Update: I noticed that some feeds weren't showing favicons even though their sites had them, and it turned out to be because the entire feed was a single line which didn't work with sed. I've changed to use perl instead.
Early last week,
Chris Shiflett tweeted about adding favicons to a planet's blogroll for sites that have them. Now I'd considered setting up
PlanetPlanet in the past, but had never gotten down to it. Since I was already in the middle of a site redesign, I figured it was a good time to start.
Setting up
planet bluesmoon was fairly straighforward. I just followed the instructions in the INSTALL file. I was also very pleased to see that it uses the
python implementation of HTML::Template because I'm the author of the
Java implementation (Also the last Java project I worked on) and am very familiar with the syntax and tricks of the trade.
Once set up, I went back to Chris' site since he'd also mentioned that he'd be posting his
favicon code on github. Unfortunately, at this time, the only thing there is the README file, and well, patience is not one of my virtues, so I decided to write my own.
One advantage that I did have though, was Chris' tweets about the process which made a note of all the problems he ran into.
I ended up with
this shell script that does a fairly good job, and can be run through cron (although I don't do that). It's made to specifically work with planet's
config.ini
file, and edits the file in-place to add the icon code. This is how it works
Translating feed URL to favicon URL
This code pulls out all feed URLs from the file. I'm assuming here that they're all http(s) URLs.
sed -ne '/\[http/{s/[][]//g;p;}' $file
For each URL returned, I run this code which pulls down the feed using curl, and then uses perl to extract the home site's URL. I then check for the link in the feed assuming the feed is in the RSS2.0 or Atom 1.0 formats. I could have looked at the content-type header and figured out which it was, but as Chris pointed out, content-type headers are often wrong. The perl code first splits the feed into multiple lines to make it easier to parse.
curl -m 10 -L $feedurl 2>/dev/null | \
perl -ne "
s/></>\\n</g;
for (split/\\n/) {
print \"\$1\\n\" and exit
if /<link/ &&
(/<link>(.*?)<\\/link>/ ||
(/text\\/html/ && /alternate/ && /href=['\"](.*?)['\"]/)
);
}
"
I then pull out the domain from the site's URL. I'll need this if the link to the favicon is a relative URL. Again, I'm assuming http(s) and being a little liberal with my regexes to work in all versions of sed.

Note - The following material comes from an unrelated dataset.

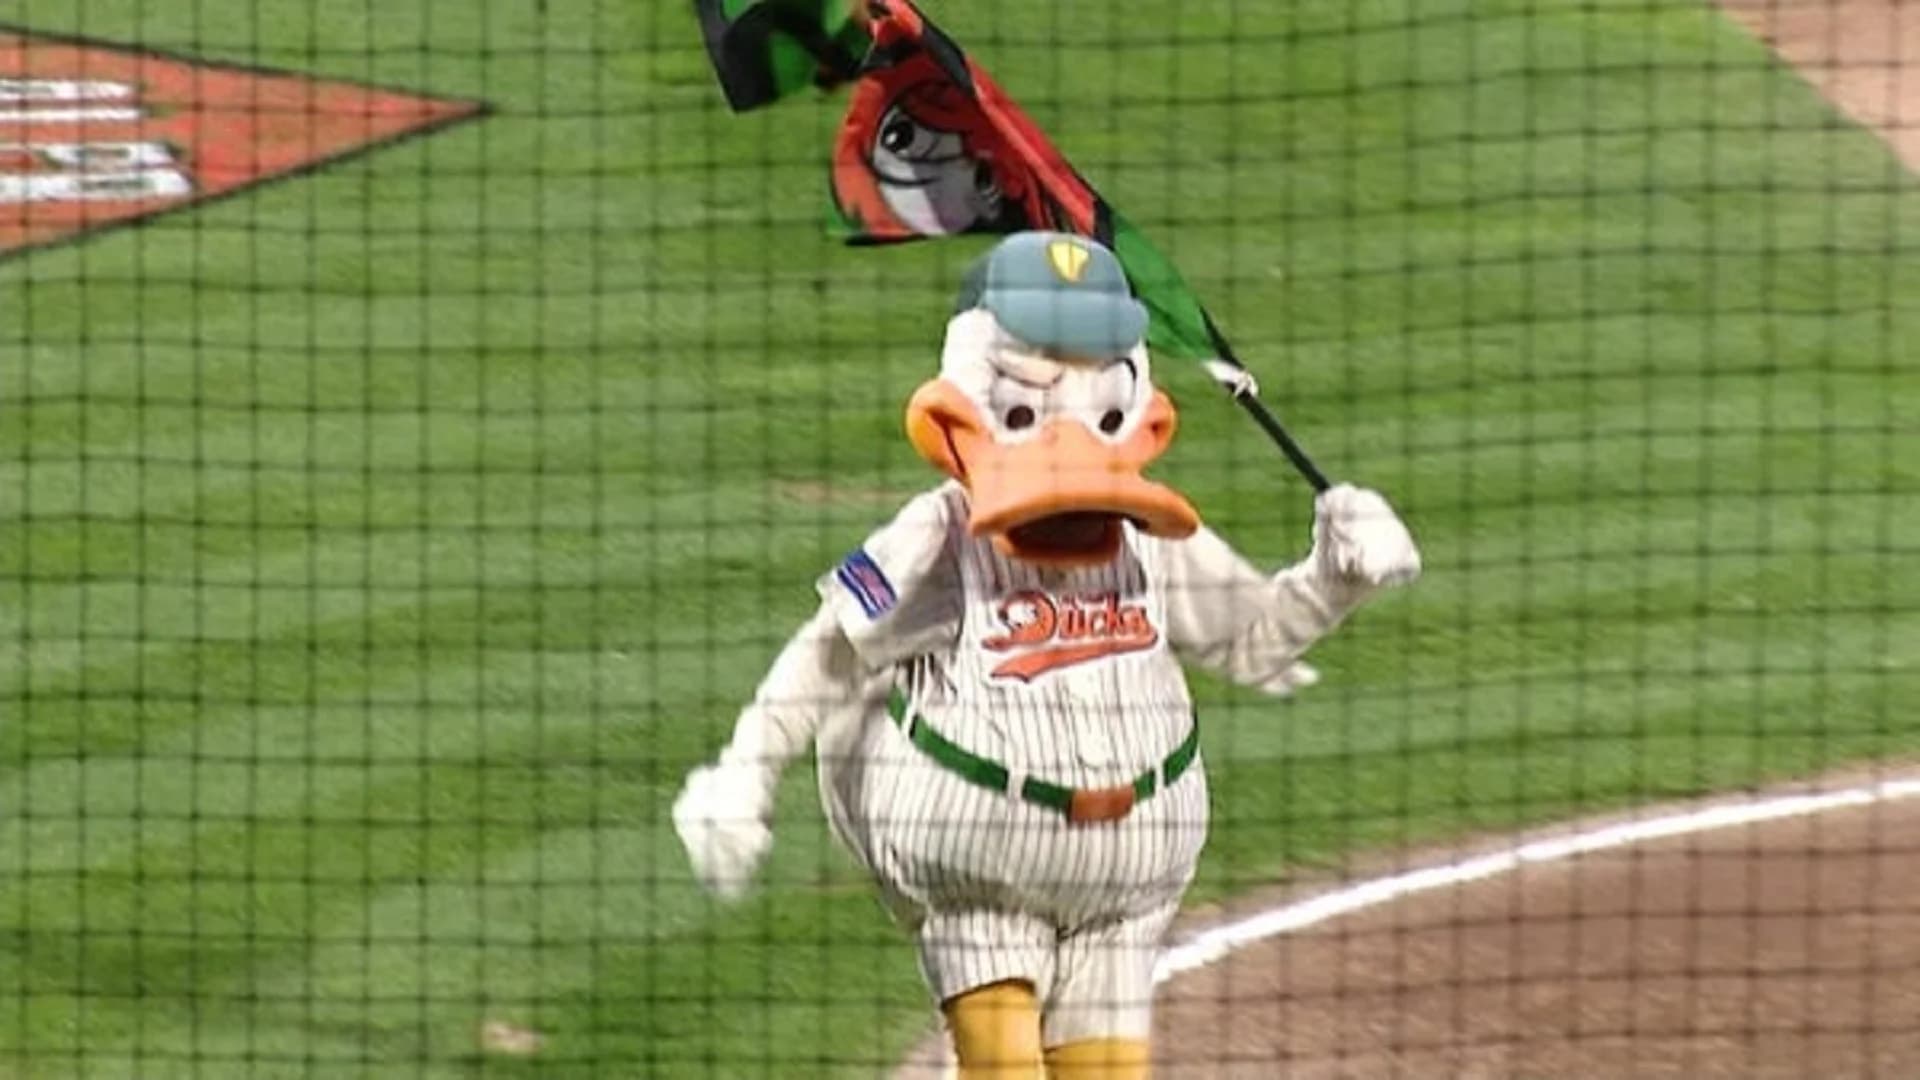 Long Island Ducks kick off season Friday for the first time since 2019

domain=`echo $url | sed -e 's,\(https*://[^/]*/\).*,\1,'`
base=${url%/*}
Then download the site page and look for a favicon link in there. Favicons are found in link tags with a
rel
attribute of
icon
or
shortcut icon
, so I check for both, again being liberal with my regexes, and when I find it, extract the value of the
href
attribute. This will break if there are multiple link tags on the same line, but I'll deal with that when I see it.

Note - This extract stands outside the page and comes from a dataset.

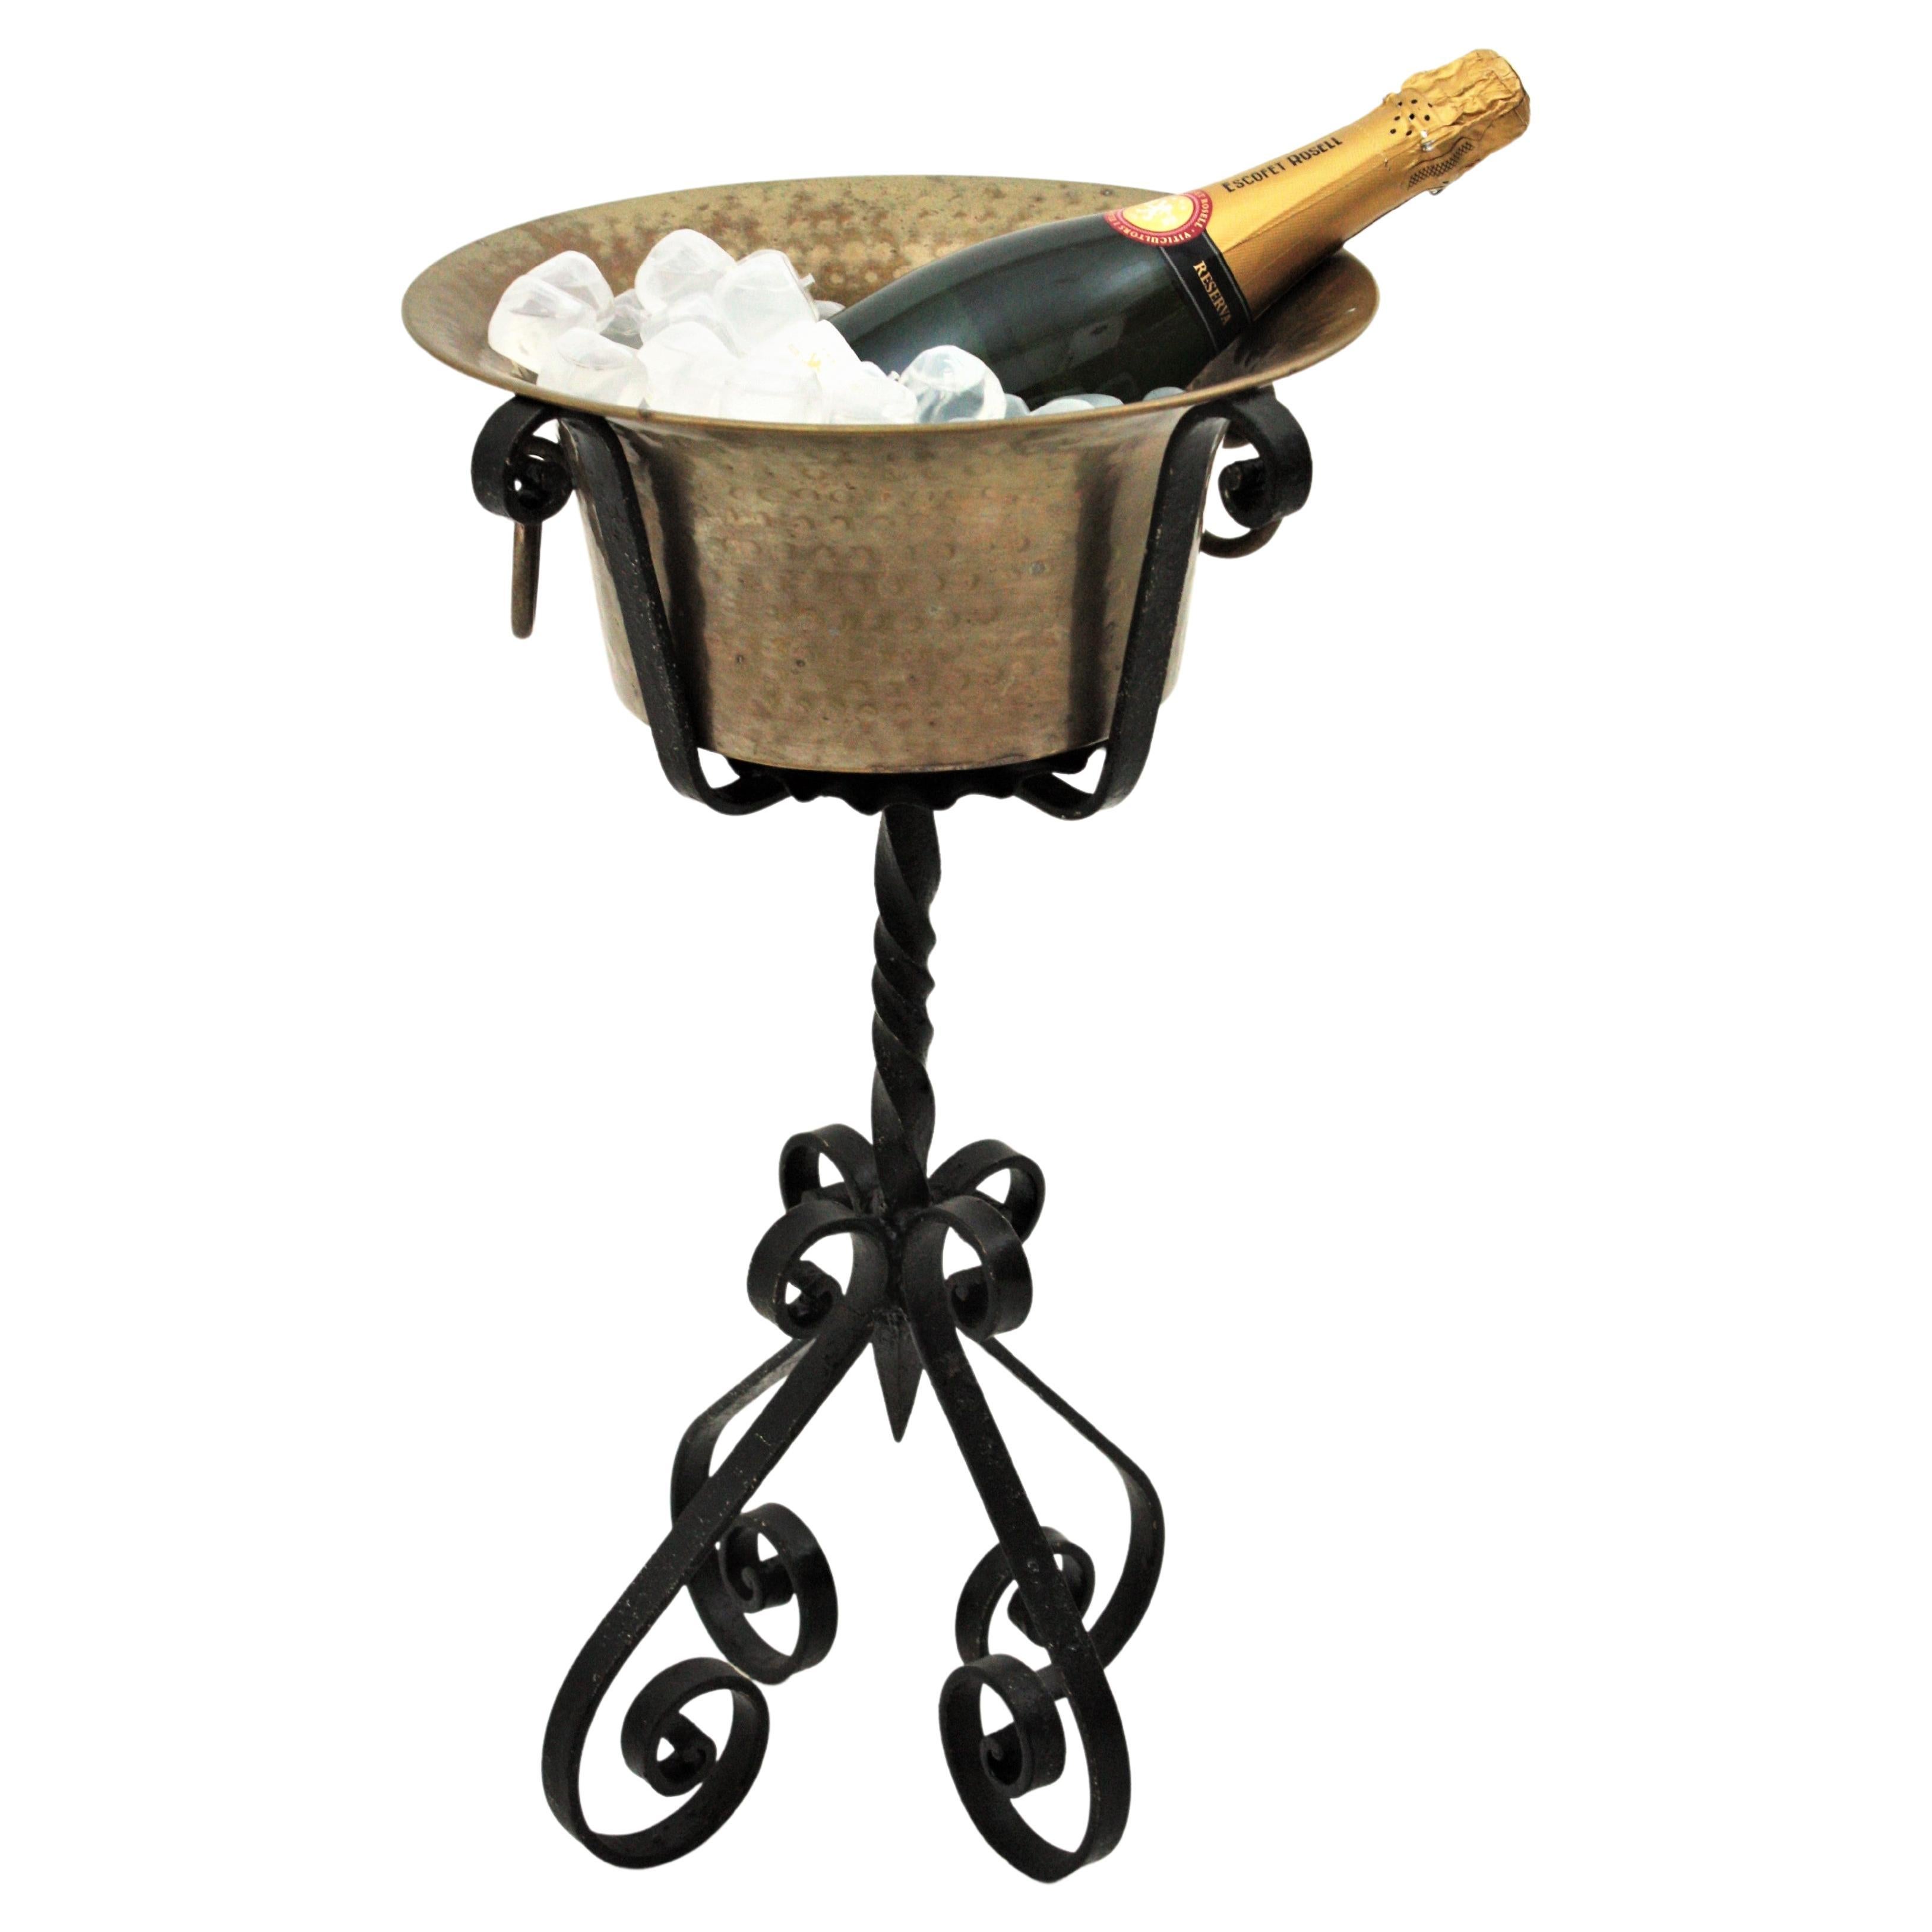 Wrought Iron and Brass Champagne Wine Cooler Standing Ice Bucket For Sale

favicon=$( curl -m 10 -L "$url" 2>/dev/null | \
perl -ne "
print \"\$1\\n\" and exit
if /<link/ &&
/rel=['\"](?:shortcut )?icon['\"]/ &&
/href=['\"](.*?)['\"]/;
" )
If no URL was found, I just appended
/favicon.ico
to
$domain
and used that instead. If a relative URL was found, I appended it to either
$base
or
$domain
depending on whether the path starts with
/
or not. This will have trouble if your site URL points to a directory but omits the trailing slash, but shame on you if you do that.
Validating the favicon
Now once I had the URL, I still had to validate if a favicon existed at that location. This was done easily using curl with the -f flag which tells it to fail on error. It returns an error code of 22 for a file not found. The problem I faced here is that some sites don't actually return a 404 for missing resources. That was a WTF moment. So I figured I'd just look for the content-type of the returned resource, and if it did not match
image/*
, then I'd discard it. However, from Chris's tweets, I already knew that some sites send a favicon with a content type of
text/plain
or
text/html
, so I couldn't rely solely on this. Instead, I decided to download the favicons, and if its content-type did not match the
image/*
pattern, I run the
file
command on them. This command looks up the file's magic numbers and figures out it's content type. The result was this code:
name=`echo $domain | sed -e 's,/,-,g'`.ico
params=`curl -L -f -w "%{content_type}\t%{size_download}" -o "icons/$name" "$favicon" 2>/dev/null`
[ $? -ne 0 ] && continue # skip if curl was unsuccessful
ctype=${params% *}
clen=${params#* }
[ $clen -eq 0 ] && continue # skip if favicon was 0 bytes
if ! echo $ctype | grep -q "^image/" &>/dev/null; then
if file -b "icons/$name" | grep '\<text\>' &>/dev/null; then
continue; # skip if content type is not image/*
fi
fi
rm "icons/$name"
Write it back
Now that I knew the correct URL for a site's favicon, I could write this information back to the config.ini file. I decided to use perl for this line (though I could have used perl for the whole script). It reads the file in by paragraph, and if a paragraph matches the feed URL, it first strips out the old favicon line, and then adds the new one in. Since this code only runs if we actually find a favicon, it has the side effect of not updating a favicon that was once valid but now isn't.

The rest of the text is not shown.